▸ EXERCISE INSTRUCTIONS: Quote from the first line below through the line that contains "Woman's hands with", both included, and leave the pictures out.

**** DATA SEGMENT

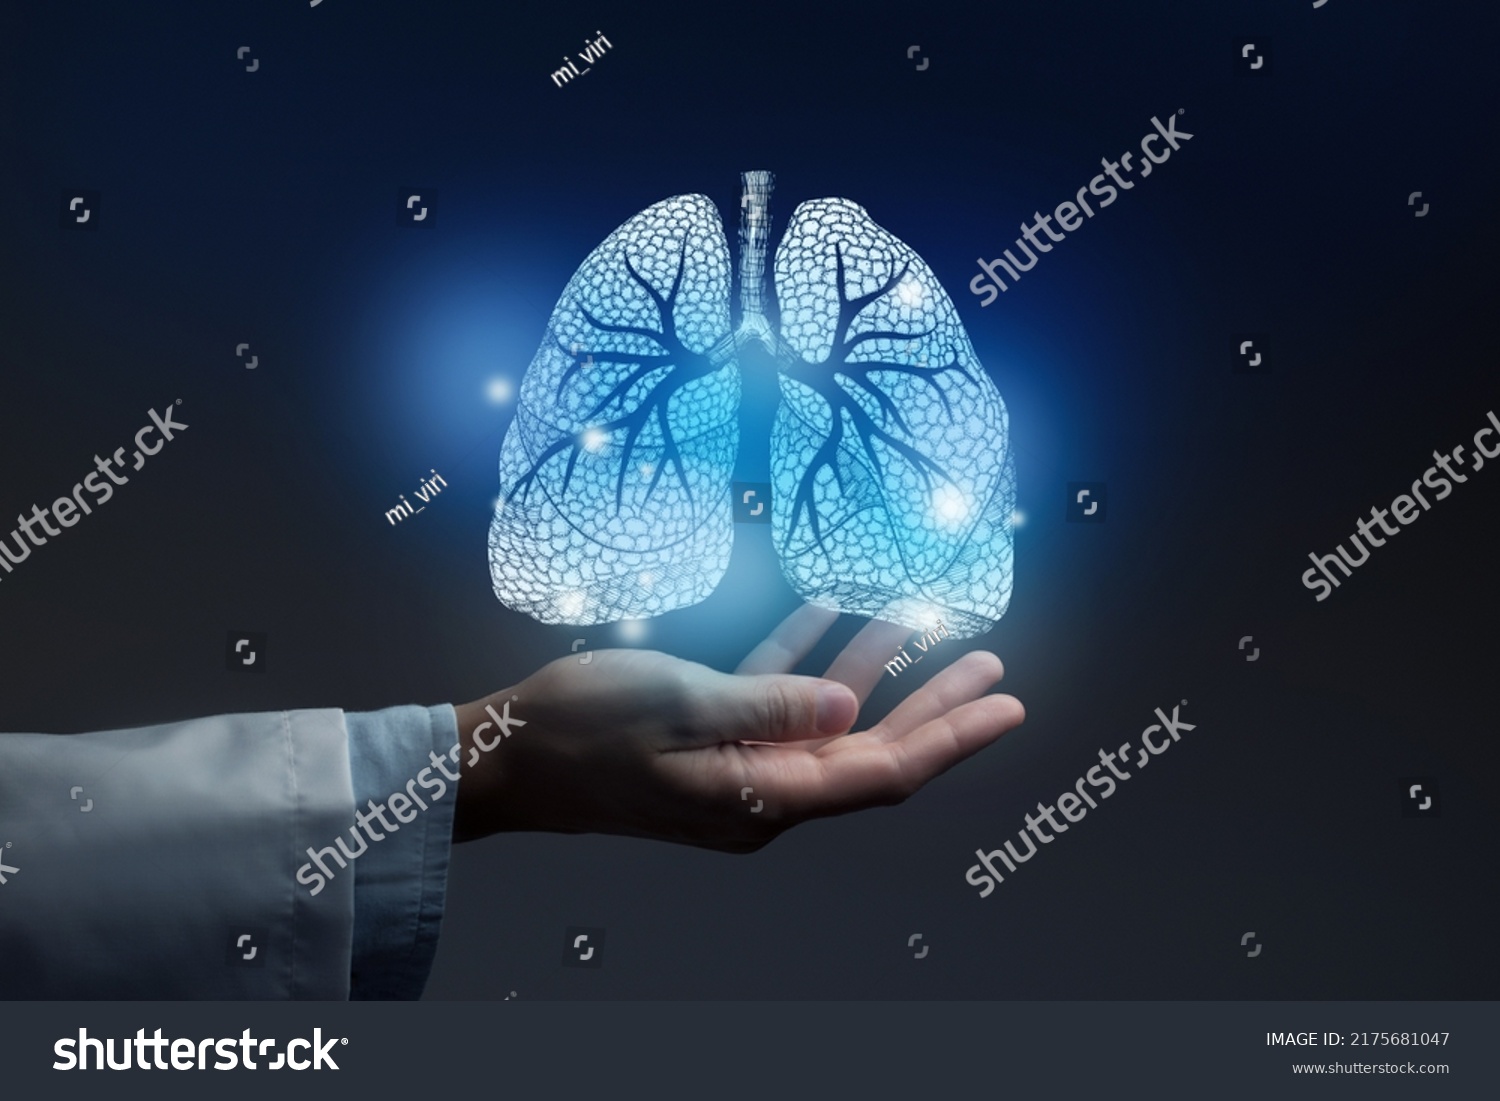 Medical banner with lungs illustration on blue background with large copy space for text or checklist. #2175681047
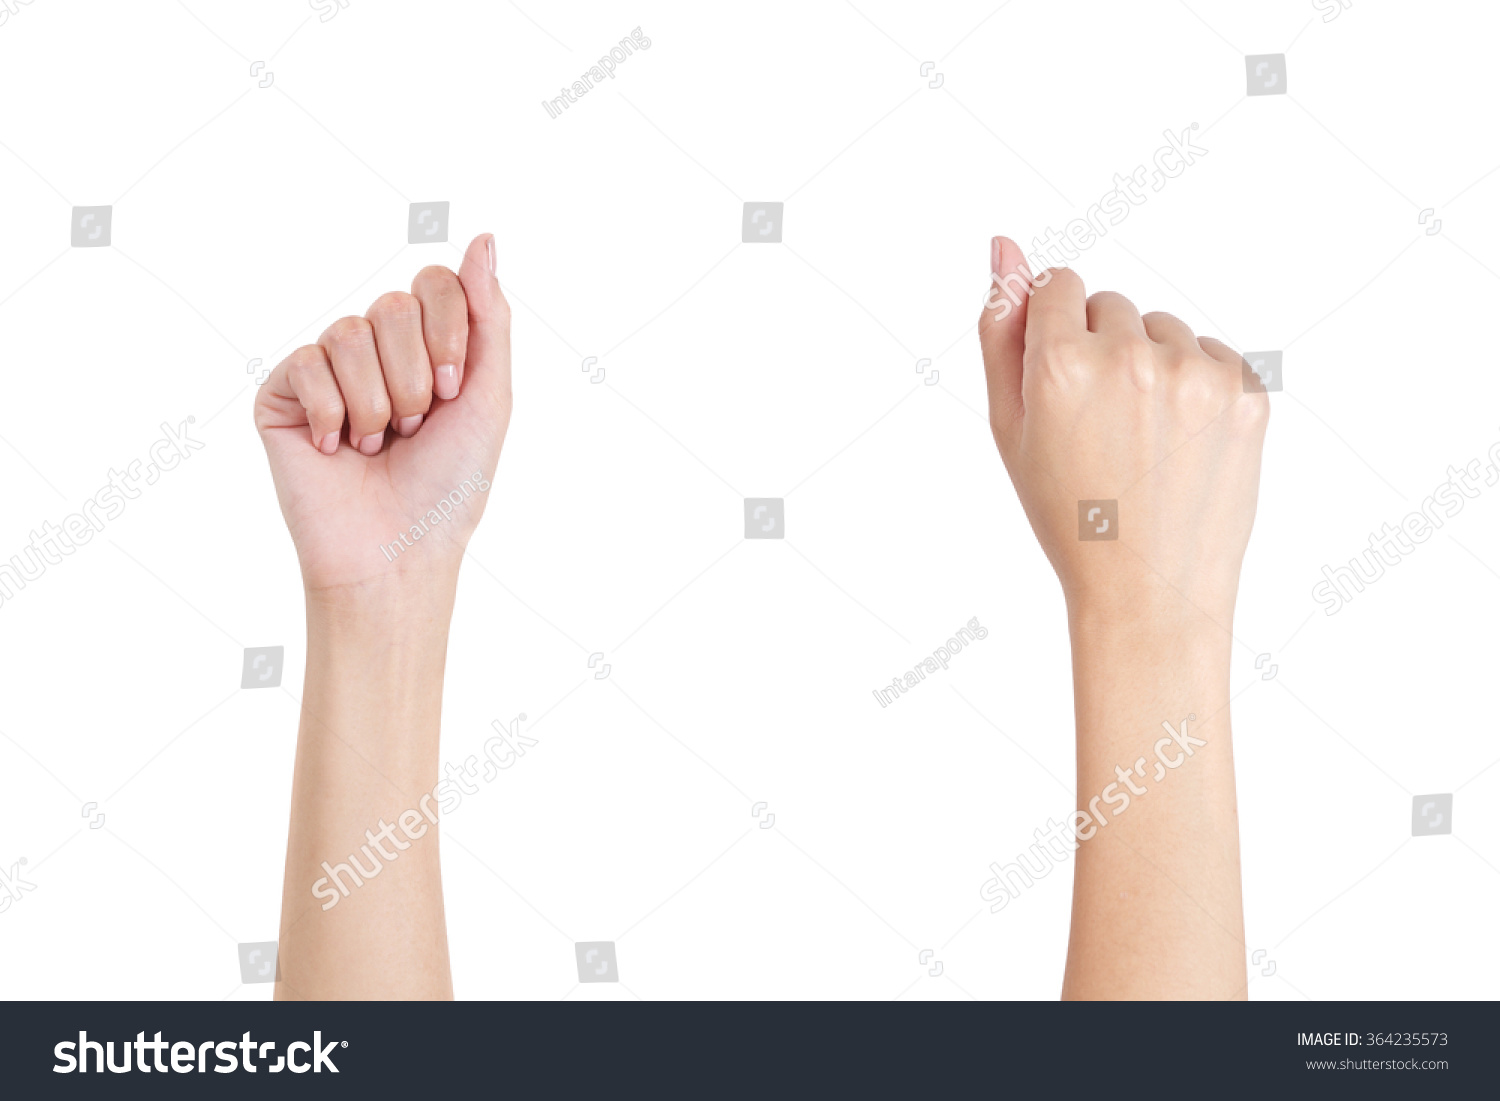 Woman's hands with fist gesture front and back side, Isolated on white background. #364235573
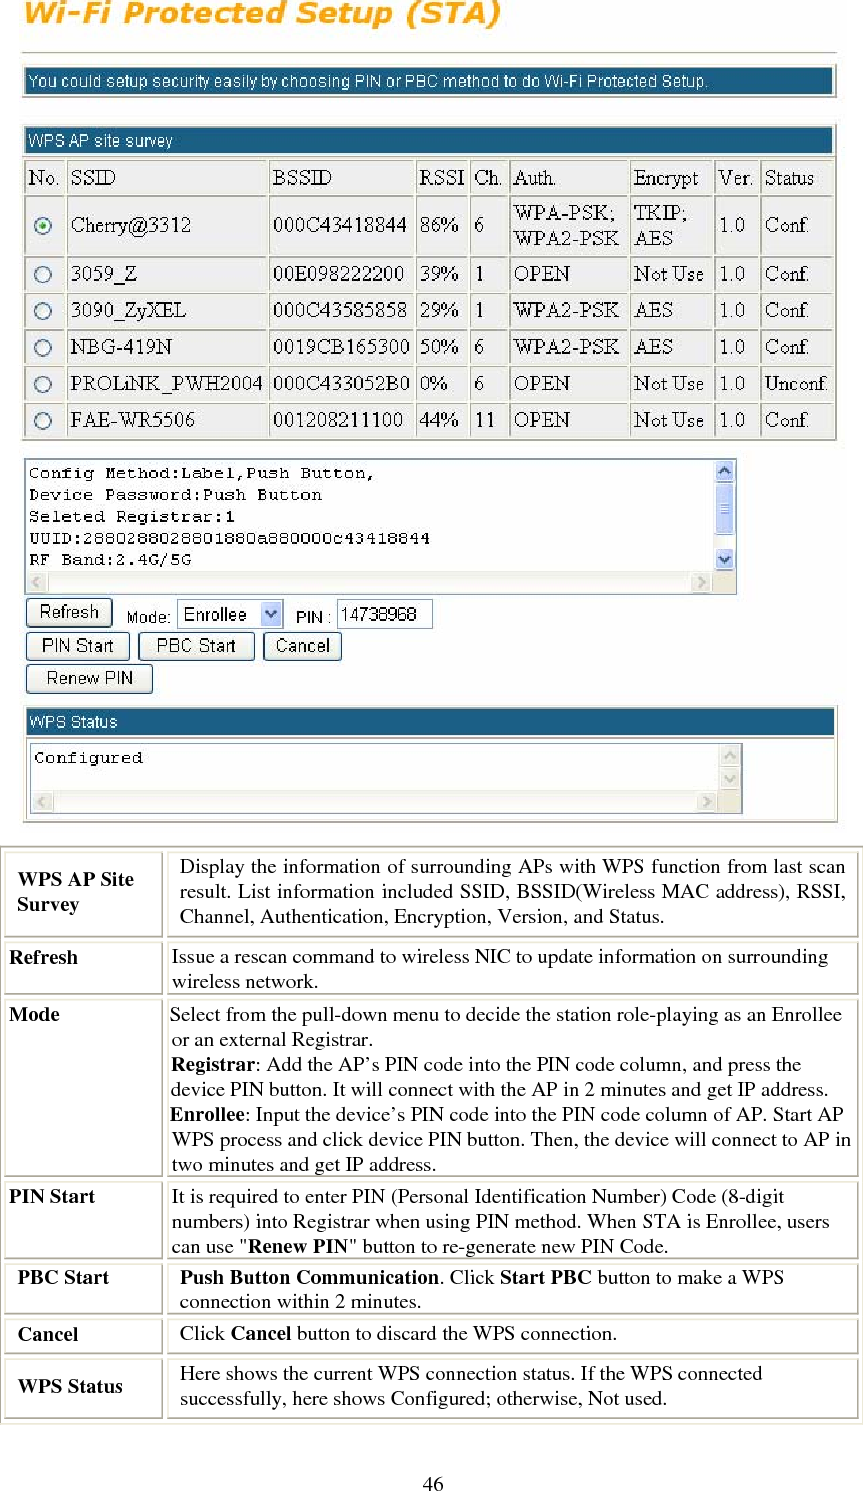   46 WPS AP Site Survey Display the information of surrounding APs with WPS function from last scan result. List information included SSID, BSSID(Wireless MAC address), RSSI, Channel, Authentication, Encryption, Version, and Status. Refresh  Issue a rescan command to wireless NIC to update information on surrounding wireless network. Mode  Select from the pull-down menu to decide the station role-playing as an Enrollee or an external Registrar. Registrar: Add the AP’s PIN code into the PIN code column, and press the device PIN button. It will connect with the AP in 2 minutes and get IP address.  Enrollee: Input the device’s PIN code into the PIN code column of AP. Start AP WPS process and click device PIN button. Then, the device will connect to AP in two minutes and get IP address. PIN Start  It is required to enter PIN (Personal Identification Number) Code (8-digit numbers) into Registrar when using PIN method. When STA is Enrollee, users can use &quot;Renew PIN&quot; button to re-generate new PIN Code. PBC Start  Push Button Communication. Click Start PBC button to make a WPS connection within 2 minutes. Cancel  Click Cancel button to discard the WPS connection. WPS Status   Here shows the current WPS connection status. If the WPS connected successfully, here shows Configured; otherwise, Not used.

********

▸ WRITTEN RESPONSE:
 Medical banner with lungs illustration on blue background with large copy space for text or checklist. #2175681047
 Woman's hands with fist gesture front and back side, Isolated on white background. #364235573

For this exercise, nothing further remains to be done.